Upgrading a Single Container (non-HA) - External Database

If you launched Rancher server using an external database, you can stop the original Rancher server container and launch a new version of Rancher server using the same external DB instructions. Before upgrading your Rancher server, we recommend backing up your external database. After the new server is up and running, you can remove the old Rancher server container.

Upgrading a Single Container (non-HA) - Bind Mounted MySQL Volume

  1. Stop the running Rancher Server container.

    $ docker stop <container_name_of_original_server>
    
  2. Copy the database files out of the server container. Note: If you already have the database stored on the host, you can skip this step. Also, if the DB has been copied out of the container, it will be inside //mysql/ because of the way Docker copies it out. Be sure to account for this when bind mounting into the container. If you started with bind mounts, you will not need the mysql/.

    $ docker cp <container_name_of_original_server>:/var/lib/mysql <path on host>
    
  3. Now set the UID/GID for the folder so that the mysql user within the container has the correct ownership of the mysql mount.

    $ sudo chown -R 102:105 <path on host>
    
  4. Start new server container.

    $ docker run -d -v <path_on_host>:/var/lib/mysql -p 8080:8080 \
      --restart=unless-stopped rancher/server:latest
    


    Note: It is important that you have trailing ‘/’ at the end of the host path if you have copied a database out of a previous container. Otherwise, the directory ends up in the wrong place.

  5. Remove the old Rancher server container. Note: If you only stop the container, the container will be restarted if your machine is rebooted if you had used --restart=always.

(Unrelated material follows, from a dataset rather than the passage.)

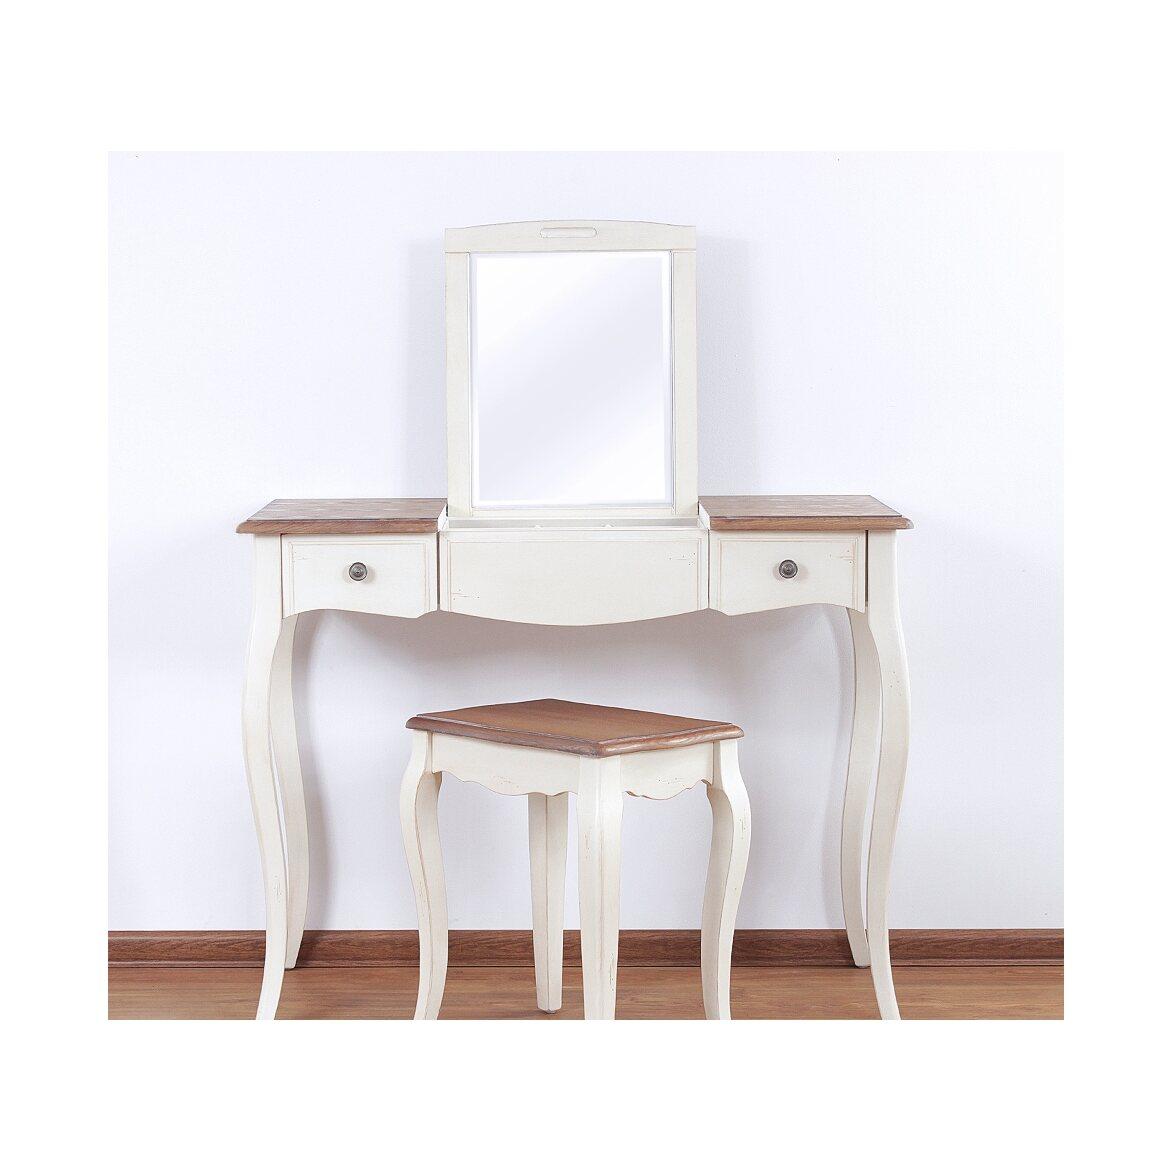 Туалетный столик с зеркалом Leontina, бежевого цвета 8   Туалетные столики Kingsby

We recommend using --restart=unless-stopped and removing the container after your upgrade has been successful.

Upgrading HA setup

If you have launched Rancher server in High Availability (HA), the new Rancher HA set up will continue using the external database that was used to install the original HA setup.

Note: When upgrading an HA setup, the Rancher server setup will be down during the upgrade.

  1. Before upgrading your Rancher server, we recommend backing up your external database.

  2. On each node in the HA setup, stop and remove the running Rancher containers and then start a new Rancher server container using the same command that you had used when installing Rancher server, but with a new Rancher server image tag.

    # On all nodes, stop all Rancher server containers
    $ docker stop <container_name_of_original_server>
    # Execute the scrip with the latest rancher/server version
    $ docker run -d --restart=unless-stopped -p 8080:8080 -p 9345:9345 rancher/server --db-host myhost.example.com --db-port 3306 --db-user username --db-pass password --db-name cattle --advertise-address <IP_of_the_Node>
    


    Note: If you are upgrading from an HA setup that was running the older version of HA, you would need to remove all running Rancher HA containers. $ sudo docker rm -f $(sudo docker ps -a | grep rancher | awk {'print $1'})

Rancher Server with No Internet Access

Users without internet will need to download the latest infrastructure service images in order for the upgrade to succeed. Without the images in the latest default templates, the infrastructure services will not be able to upgrade.